Uğruna can vereceği, değeri vatanı, şehadeti getirdi neticesi. Düşmanın gözü kör olsun, kökü kurusun.
Sarıkamış, Allahuekber dağları,
Yol uzun, şartlar çetin,
Gecenin soğuğu şiddetlice,
Kah kar olur, kah yağmur,
Mehmetçik, canlar pahasına yol alır.
Dayanamadılar, üşüdüler, titrediler,
Birbirlerine yanaştılar, karların altında,
Kimi ağaç gibi donmuş, ince çarıklar ayakta,
Kimi çömelmiş, kimi boylu boyunca.
Binbaşı Nihat, dimdik ayakta,
Başı açık, saçları beyaza boyanmış,
Kaskatı kesilmiş gözleri karşıda,
Yazlık üniformasıyla karların ortasında.
Mehmetçik çölden gelmişti,
Sarıkamış hava şartları olumsuzdu,
Yemek yok, açlık çok, hayvanlar telef oldu,
Ordu dağıldı, kara kışa teslim oldu!
Aylan bebeği bilmeyen yoktur aramızda. Suriyeli denizde kaybolan mültecilerimize temsilen gösterilen. Kırmızı tişörtü, lacivert pantolonuyla, sahile vurmuş haliyle gözümüzün önünde, dünya gündemindeydi.

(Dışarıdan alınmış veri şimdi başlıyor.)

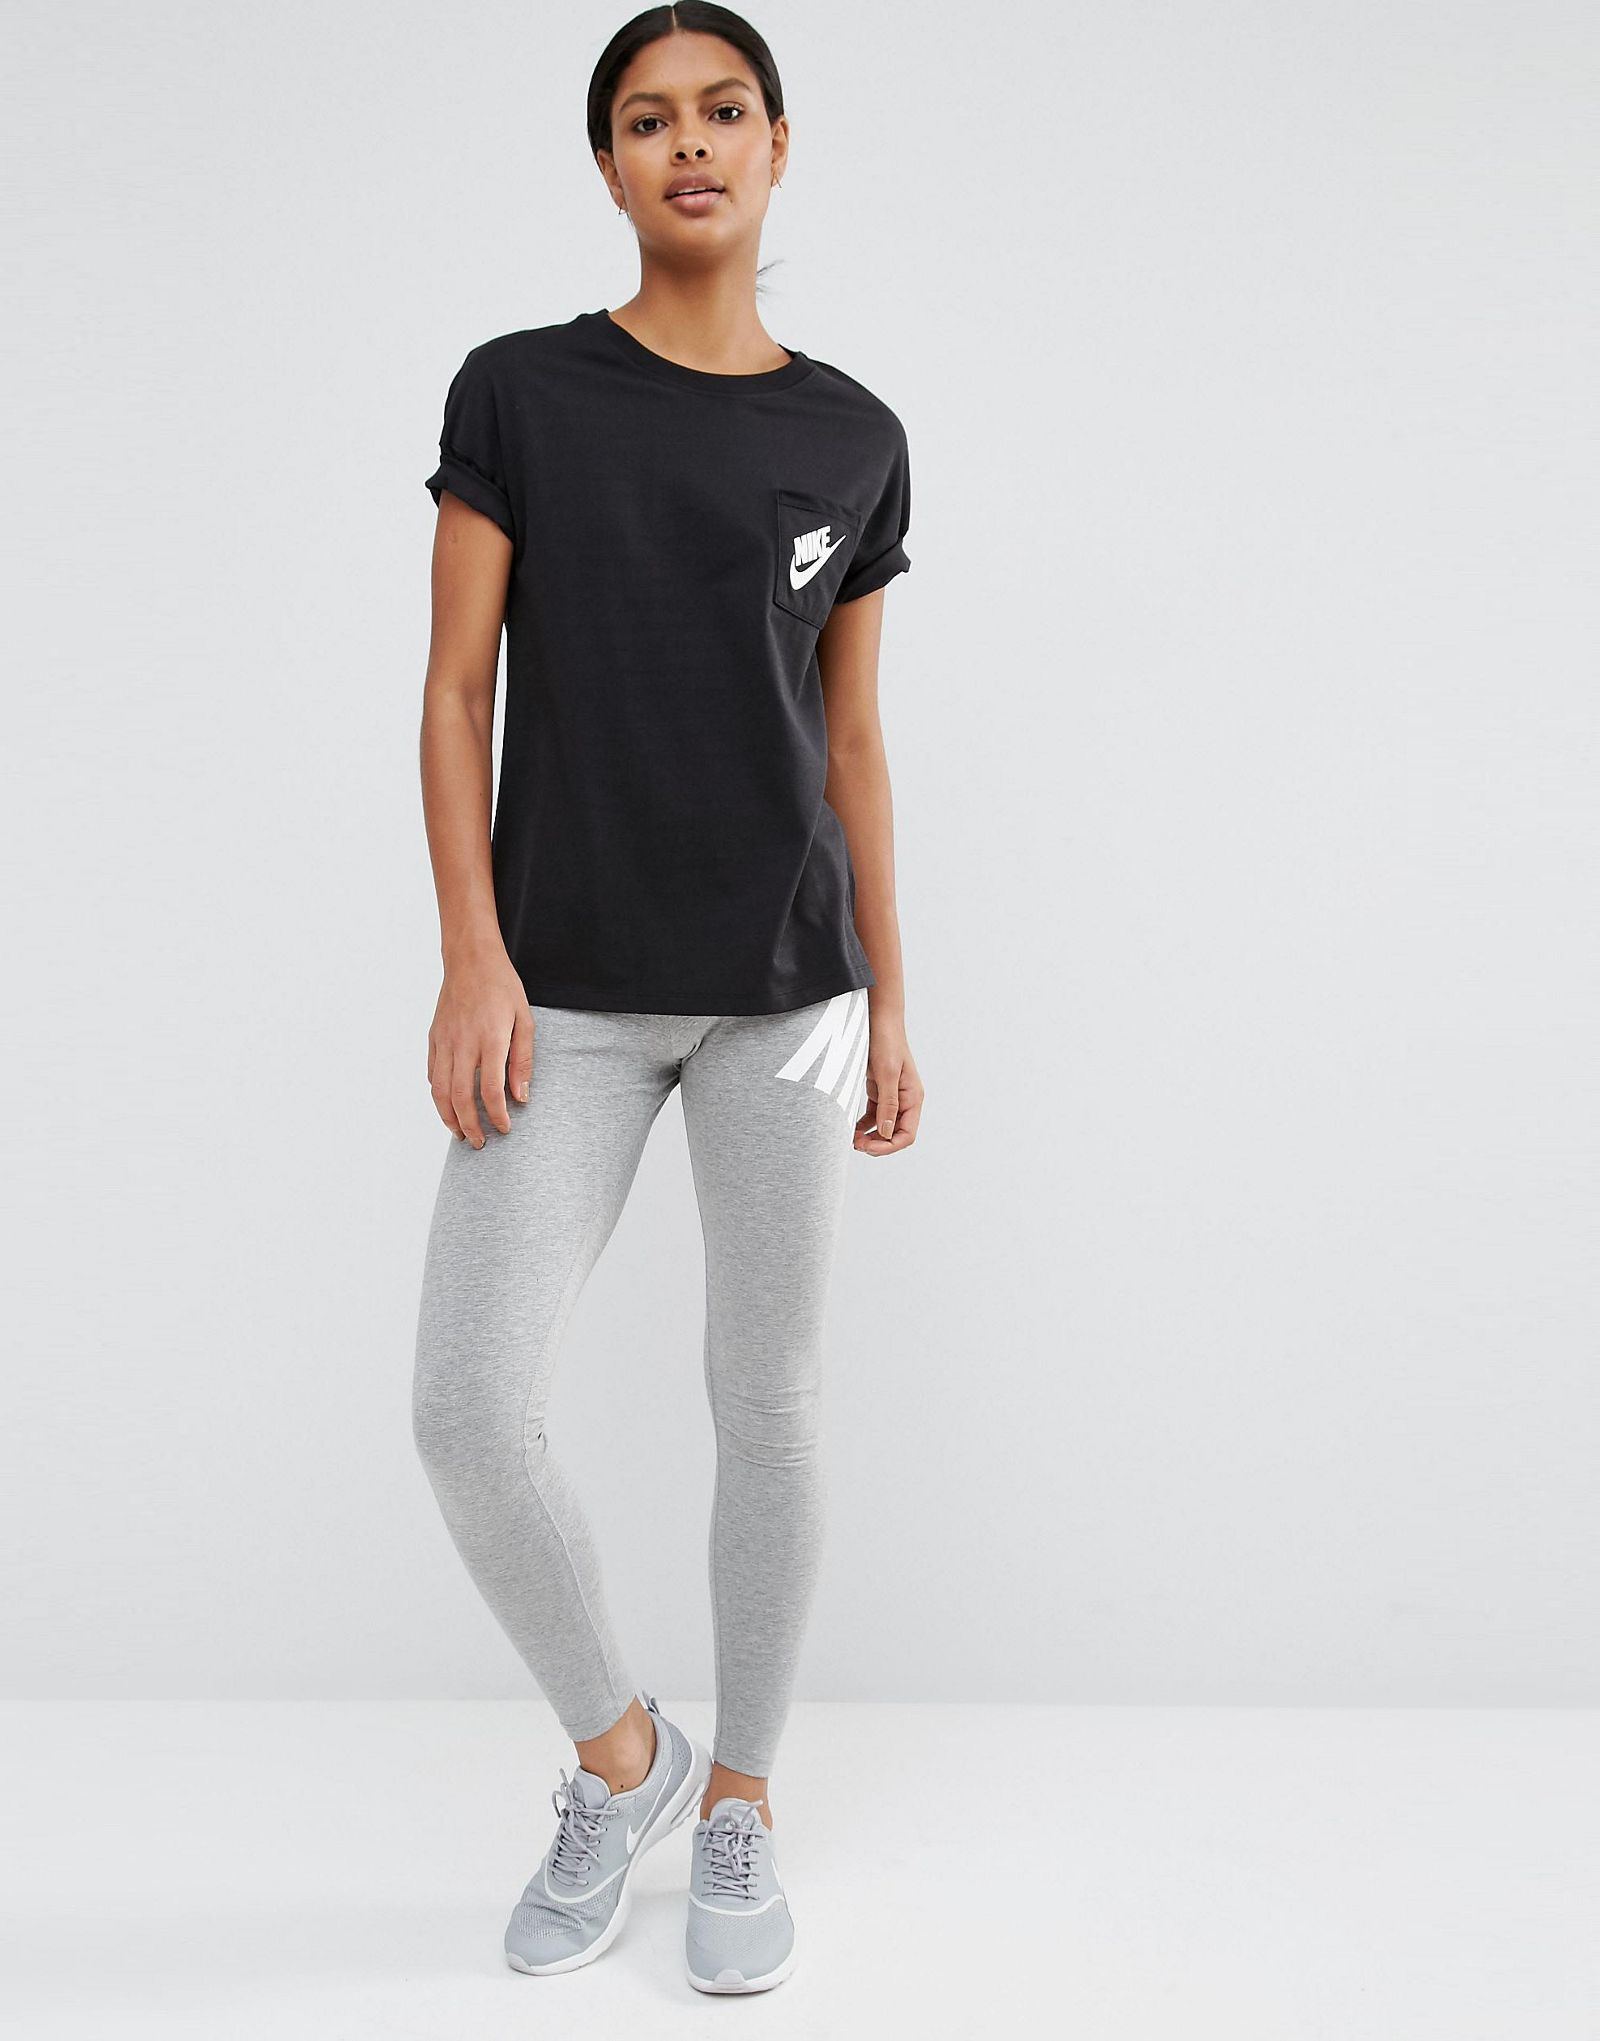 Nike Signal Short Sleeve T-Shirt

Rim zeytin gözlü, lüle saçlı güzel çocuğumuz da dedesinin kucağında tüm şehit olan Gazze’li bebek ve çocuklarımızı temsil etmekte. Dedesinin metaneti tüm herkese örnek oldu. Dedesi Halid, kızı Maysa’ya ruhum derdi. Maysa’yı evlendirdi. Sırasıyla Ahmet, Rim, Tarık doğdular. Ambargo nedeniyle çocuklar sağlıklı olamadılar, iyi beslenemediler zaten.

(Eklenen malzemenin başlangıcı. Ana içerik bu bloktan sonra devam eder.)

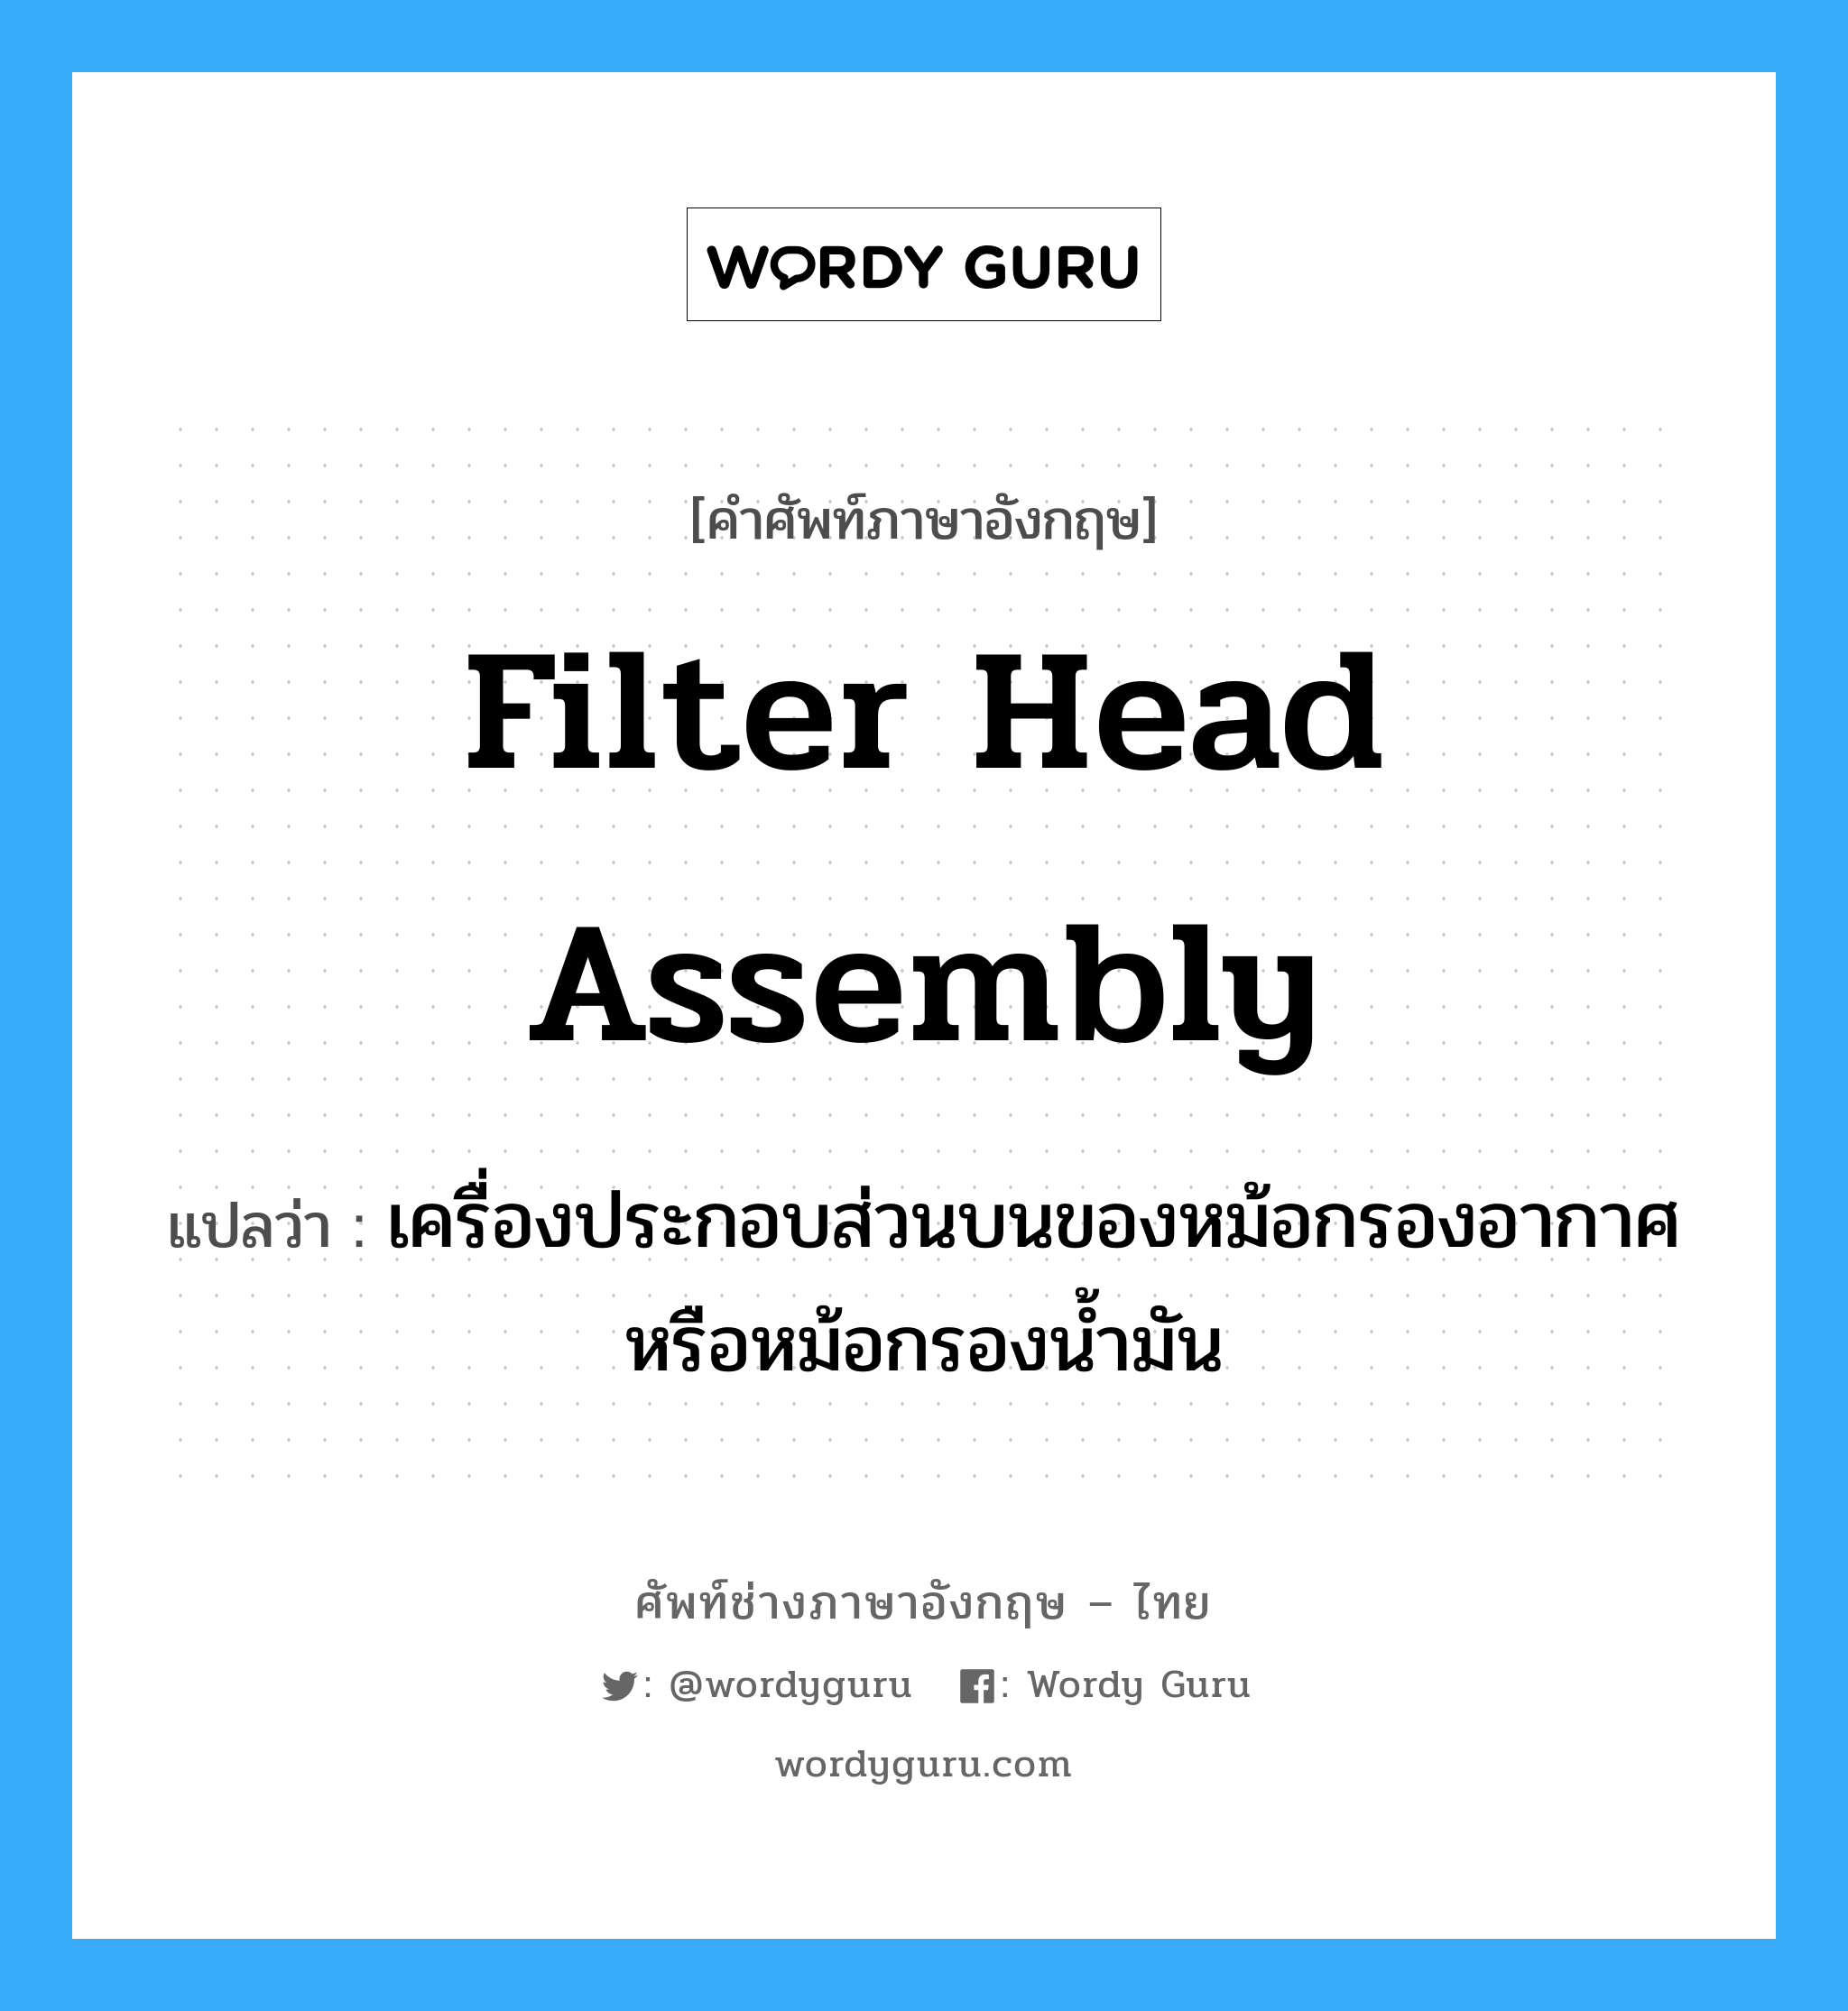 filter head assembly แปลว่า?, คำศัพท์ช่างภาษาอังกฤษ - ไทย filter head assembly คำศัพท์ภาษาอังกฤษ filter head assembly แปลว่า เครื่องประกอบส่วนบนของหม้อกรองอากาศ หรือหม้อกรองน้ำมัน

Dedesiyle aynı gün doğmuştu Rim. Lüle lüle saçları, zeytin tanesi iri gözleri, gülücükler saçarak evine, çevresine bereketiyle gelmişti. Halid dedesi onu, ruhumun ruhu Rim’im diye sever. Dedesini de Rim sever sakallarıyla oynar, sarılır ilgiyi üzerine çekmeye çalışır, kendini belli eder, sevdirirdi.
En son dedesinden elma, muz ve kebap istemişti. Halid dedesi bunları alamamıştı Rim’e.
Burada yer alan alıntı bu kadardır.